ACTION ITEM> Using the data below, return the stretch from the line that contains "Plum Brandy - Bran" through the line that contains "Aqua Craft Pistol", both included, exactly as it stands and nothing beyond it.

DATA FOR REVIEW>
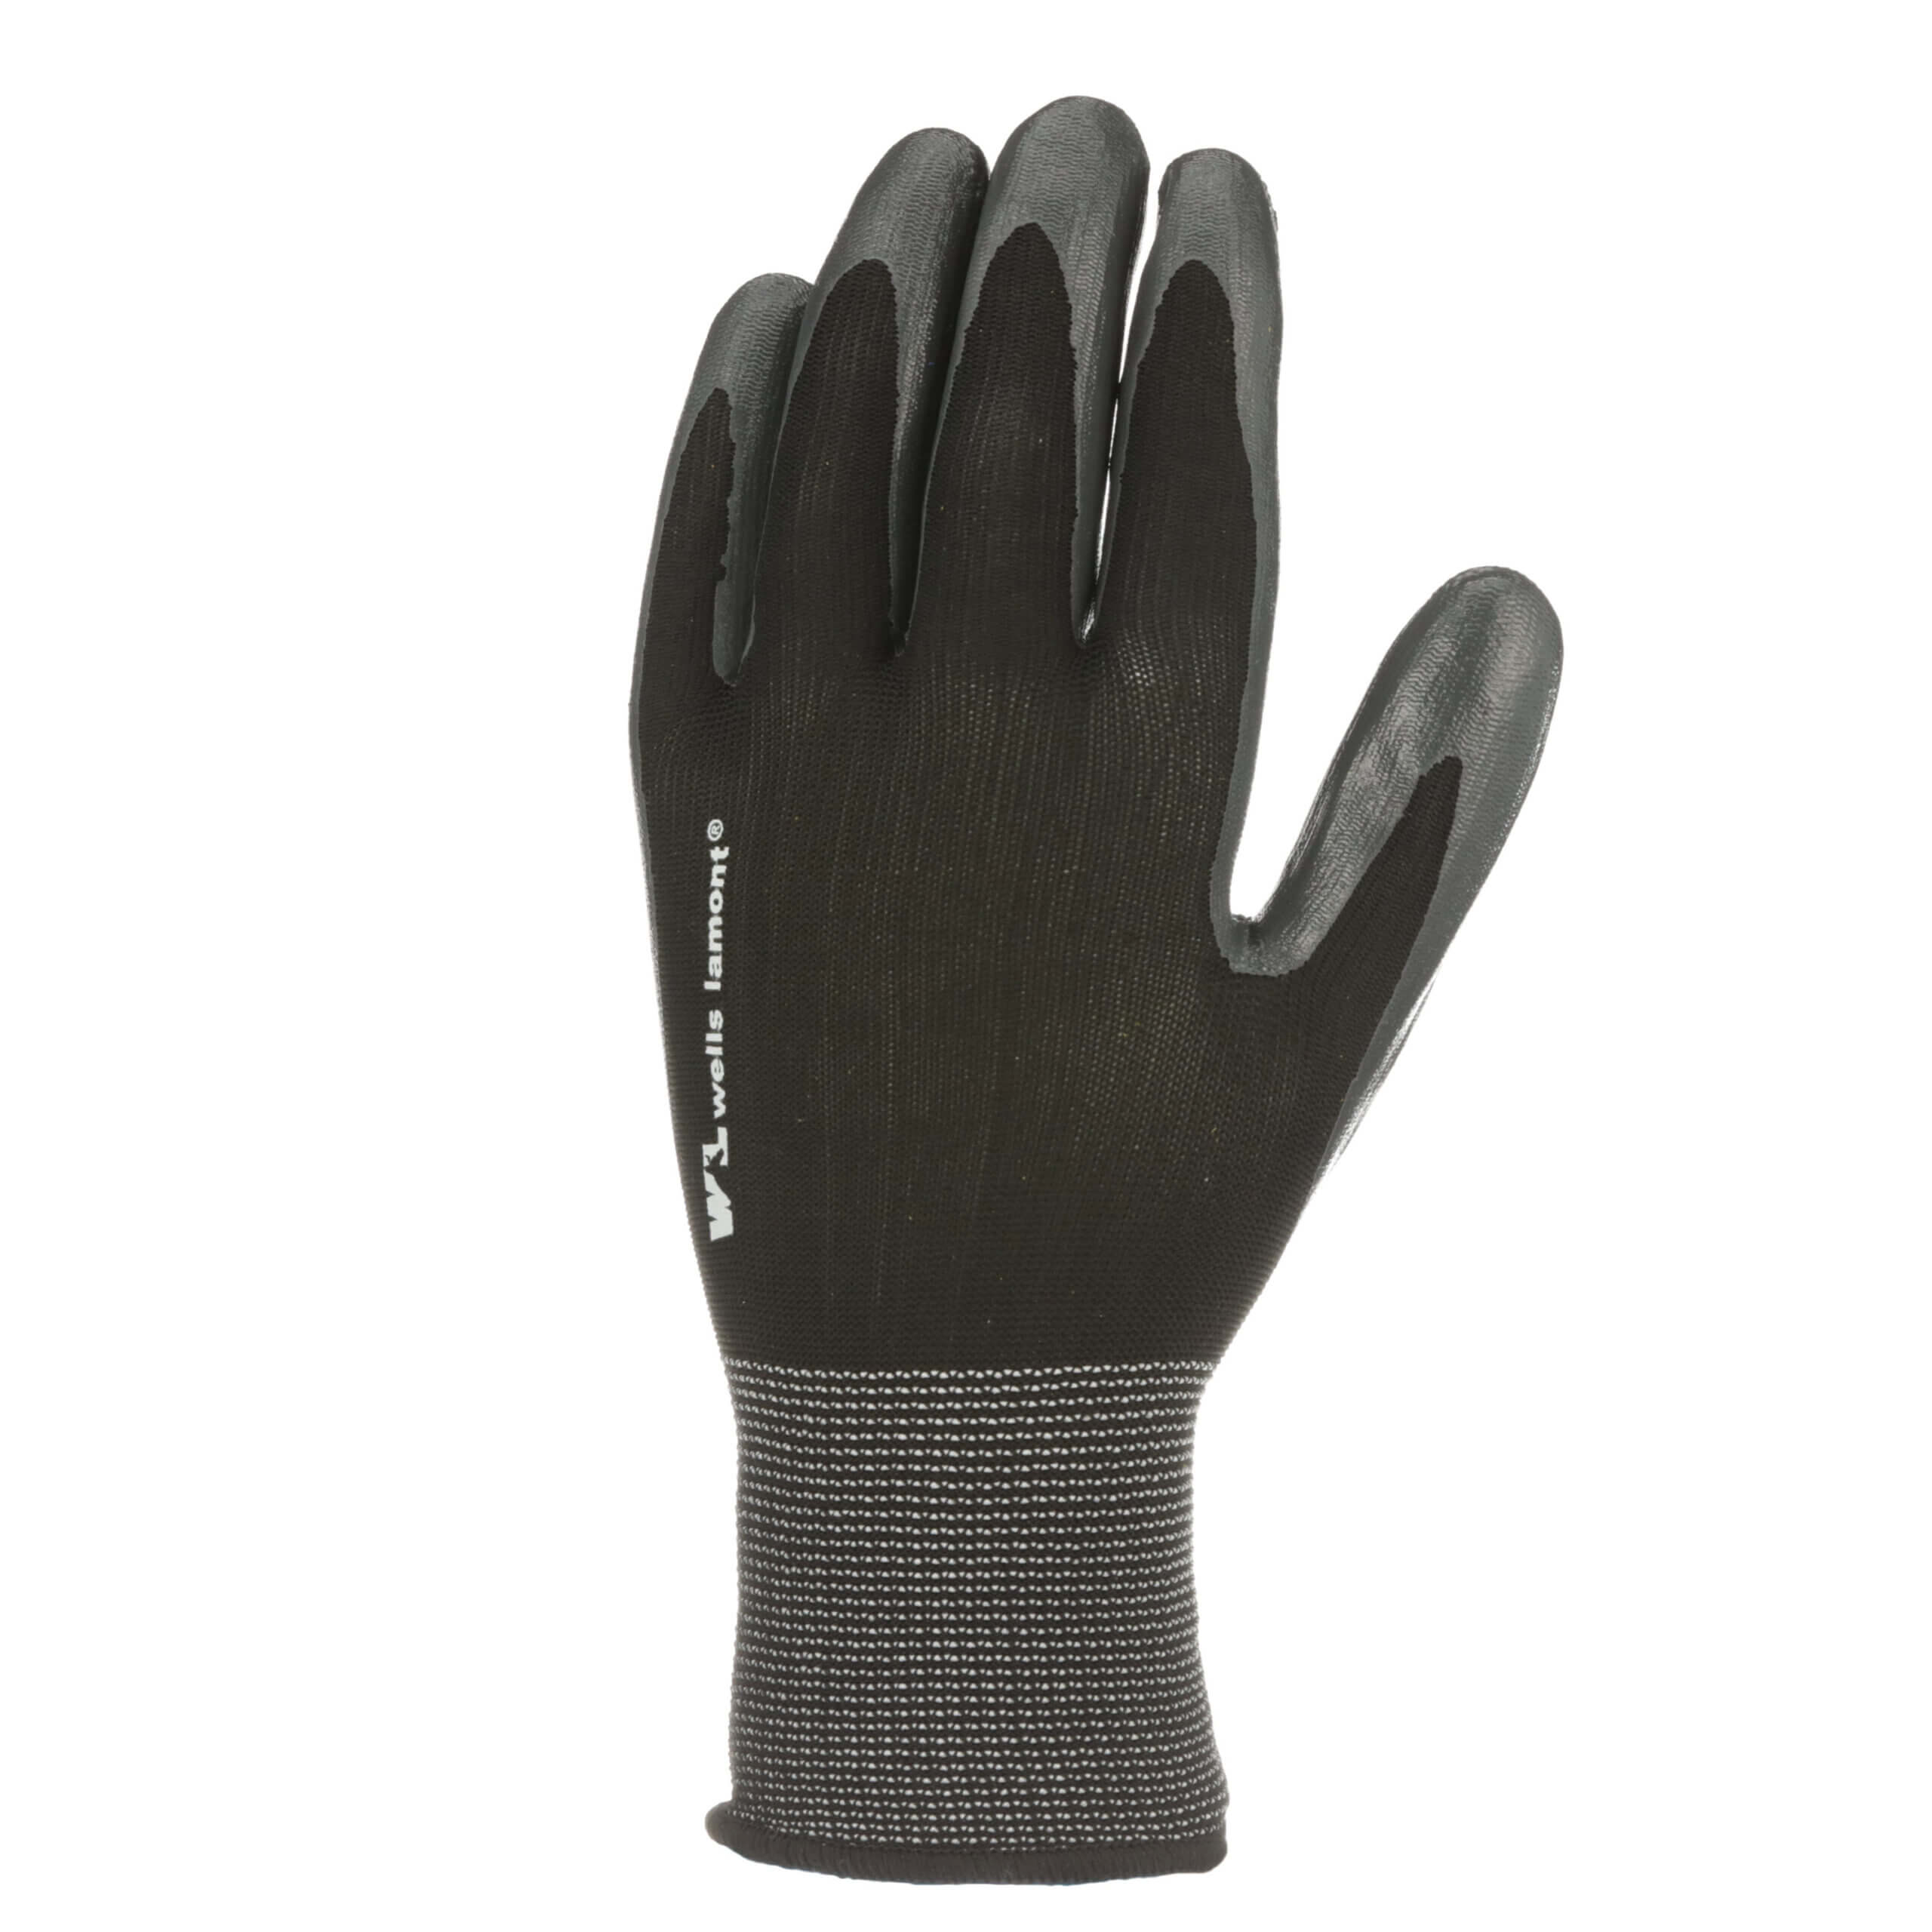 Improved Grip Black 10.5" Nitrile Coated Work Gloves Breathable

---

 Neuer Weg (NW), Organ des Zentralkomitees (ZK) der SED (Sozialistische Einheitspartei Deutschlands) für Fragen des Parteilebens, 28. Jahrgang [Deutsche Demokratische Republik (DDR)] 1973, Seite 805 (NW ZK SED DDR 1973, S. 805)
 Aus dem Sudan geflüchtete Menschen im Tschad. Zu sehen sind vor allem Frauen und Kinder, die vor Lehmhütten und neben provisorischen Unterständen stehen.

---

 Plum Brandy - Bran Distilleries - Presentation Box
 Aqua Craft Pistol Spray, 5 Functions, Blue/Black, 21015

WRITTEN RESPONSE>
 Plum Brandy - Bran Distilleries - Presentation Box
 Aqua Craft Pistol Spray, 5 Functions, Blue/Black, 21015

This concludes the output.